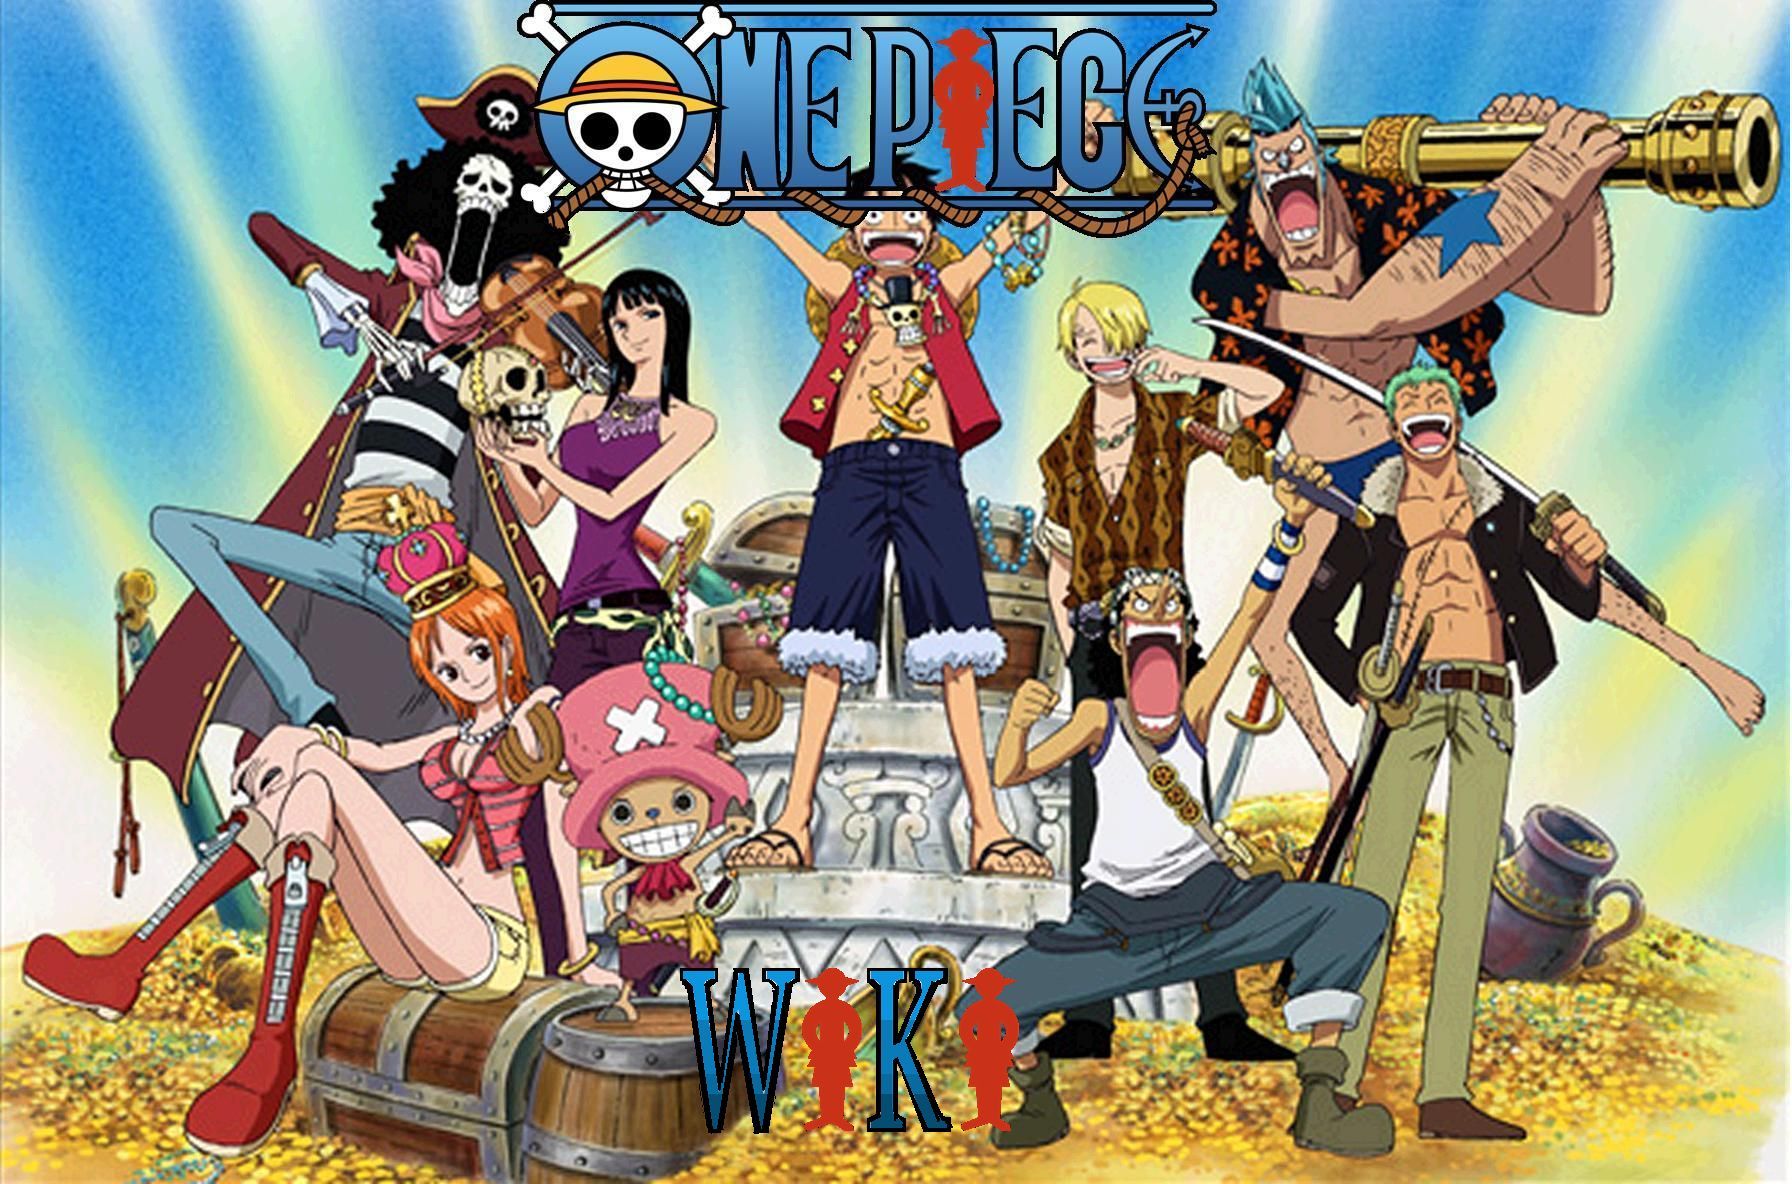 5079 - One Piece, ¿cuánto sabes de esta magnífica serie?
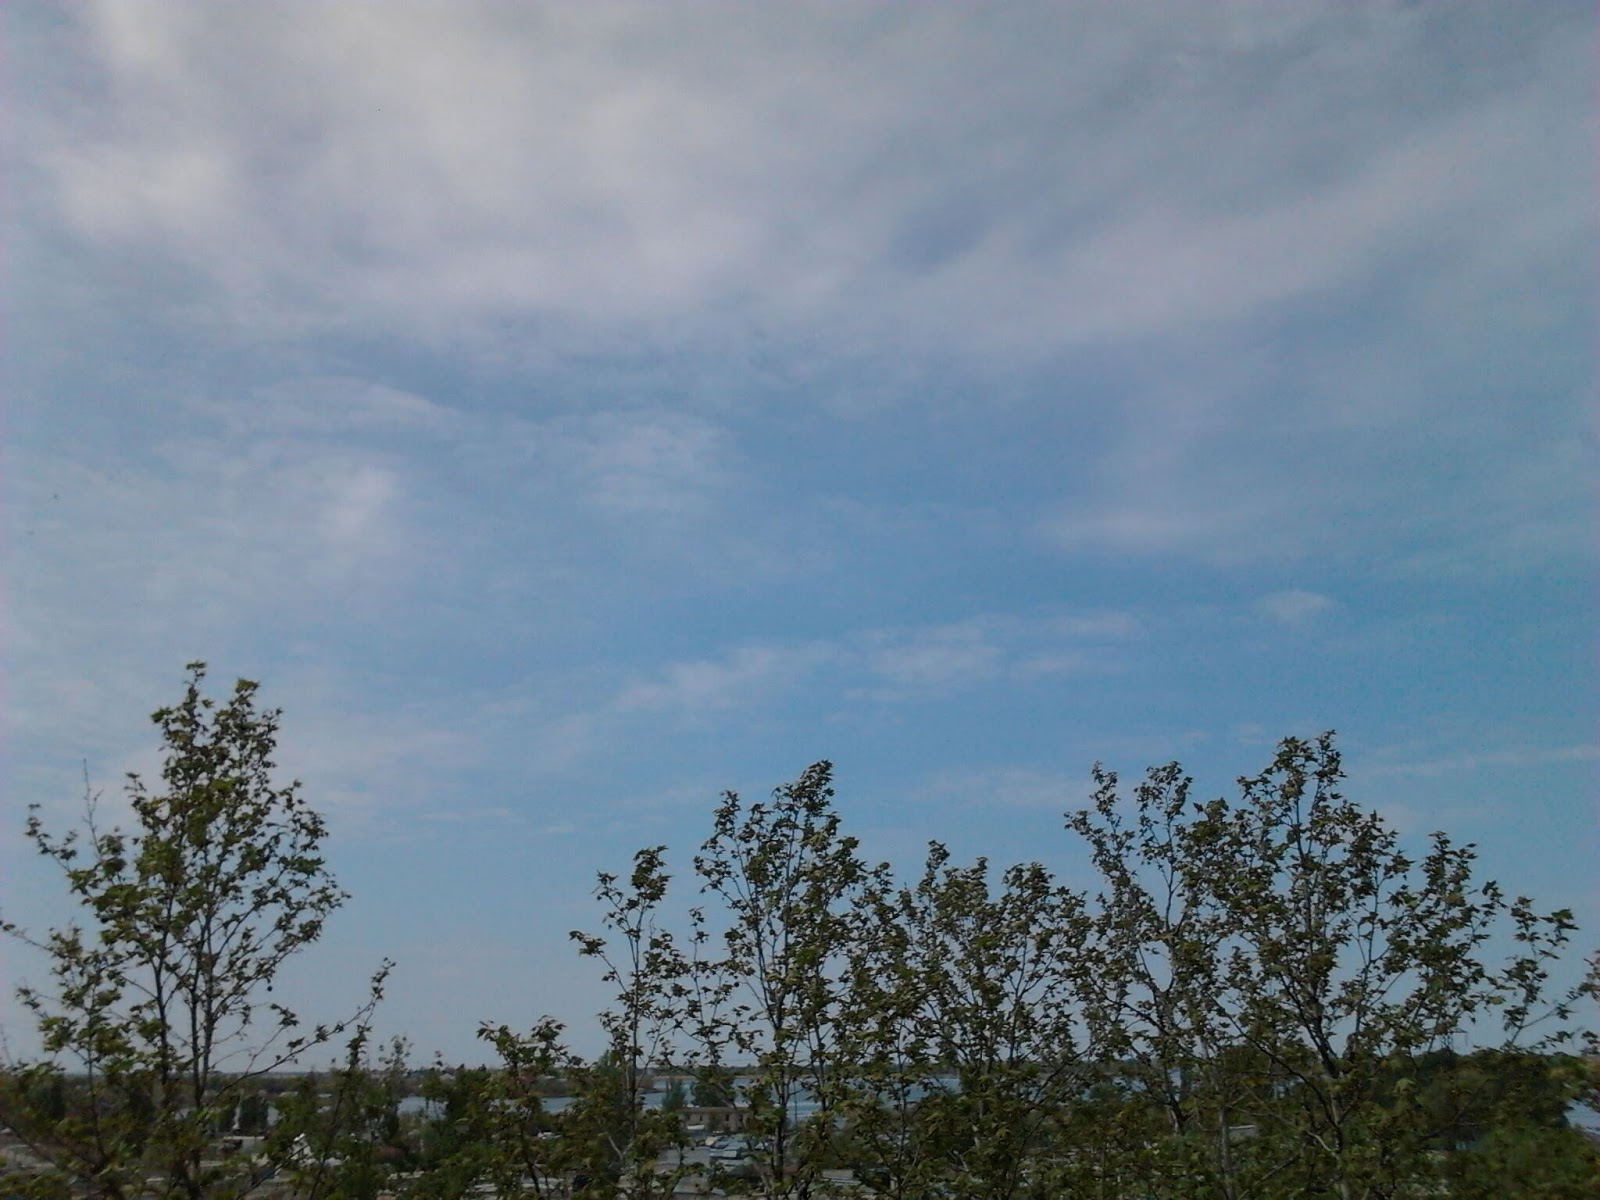 После стирки пылесборника.
Вид из лоджии, западная к дому сторона.
Погода в Херсоне: ветренно, облачно, солнечно / image25 / 2020.05.01 / 10:57
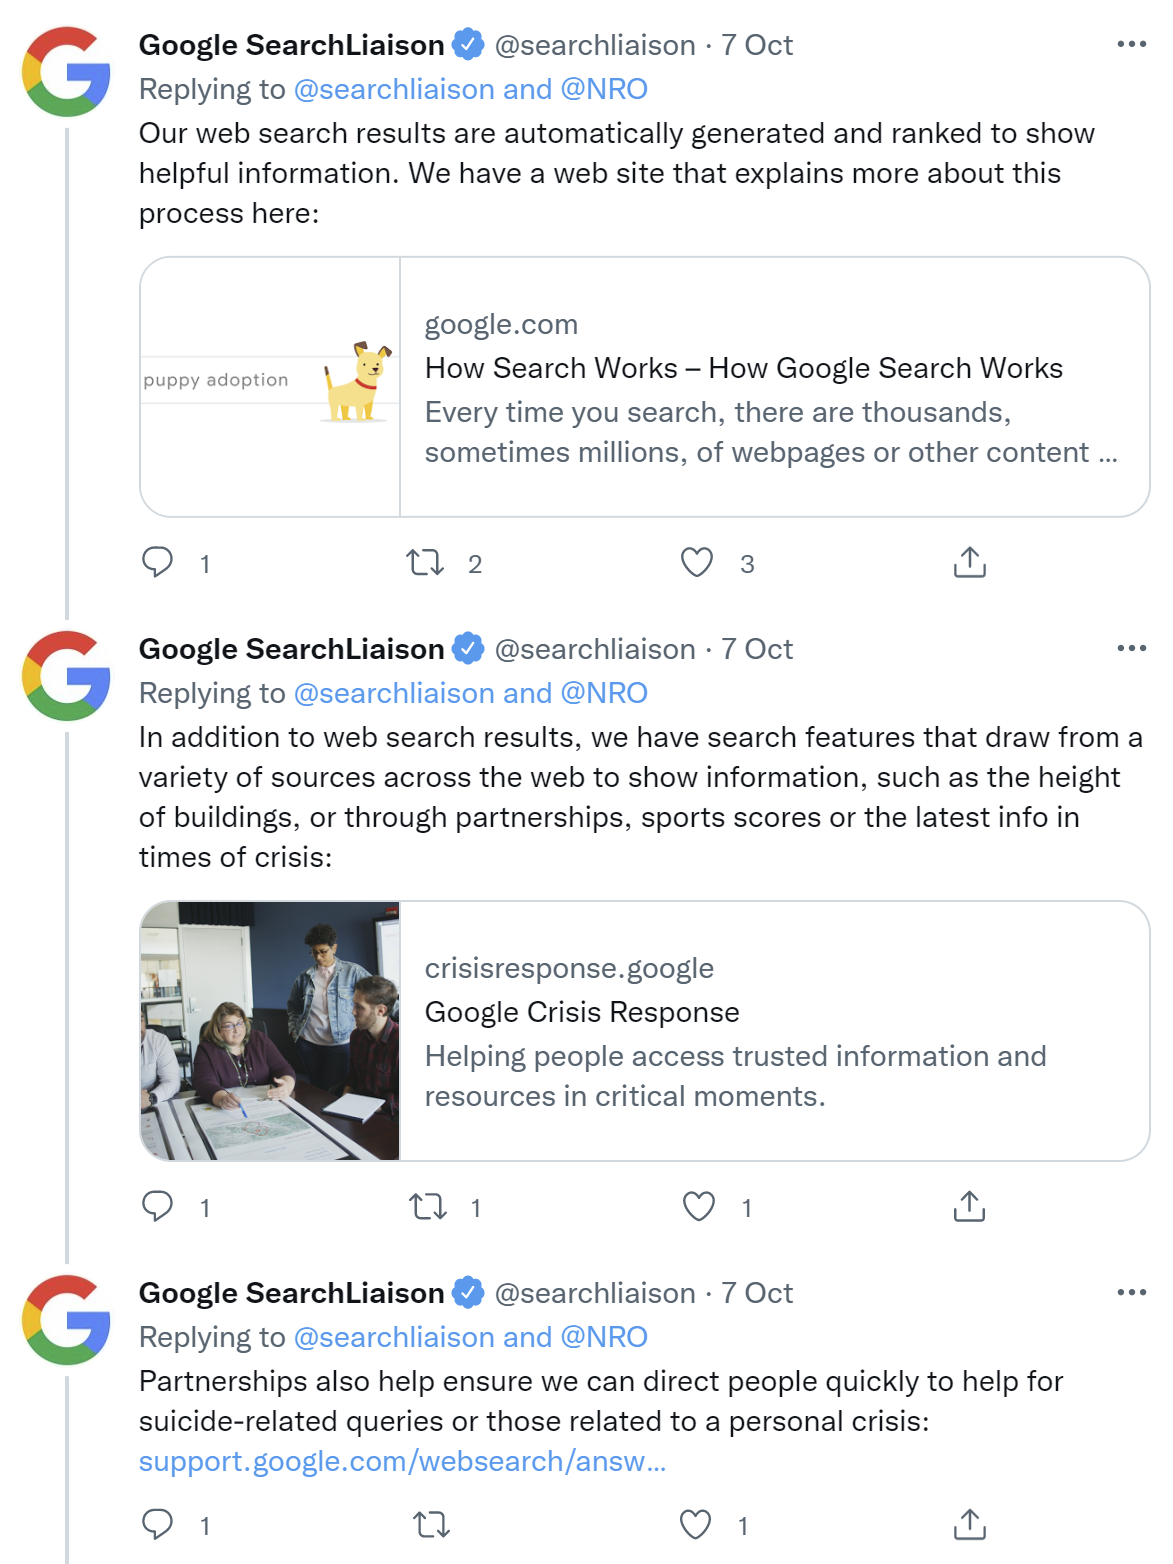 Google: Webergebnisse werden automatisch erstellt, doch es gibt weitere Suche-Features

● **YOUR GOAL**: Only the lines from the start of the records to the one containing "Погода в Херсоне: ветренно, облачно, солнечно" should be repeated, exactly and with both ends kept; drop any pictures.

● **RESULT BELOW**:
 5079 - One Piece, ¿cuánto sabes de esta magnífica serie?
 После стирки пылесборника.
Вид из лоджии, западная к дому сторона.
Погода в Херсоне: ветренно, облачно, солнечно / image25 / 2020.05.01 / 10:57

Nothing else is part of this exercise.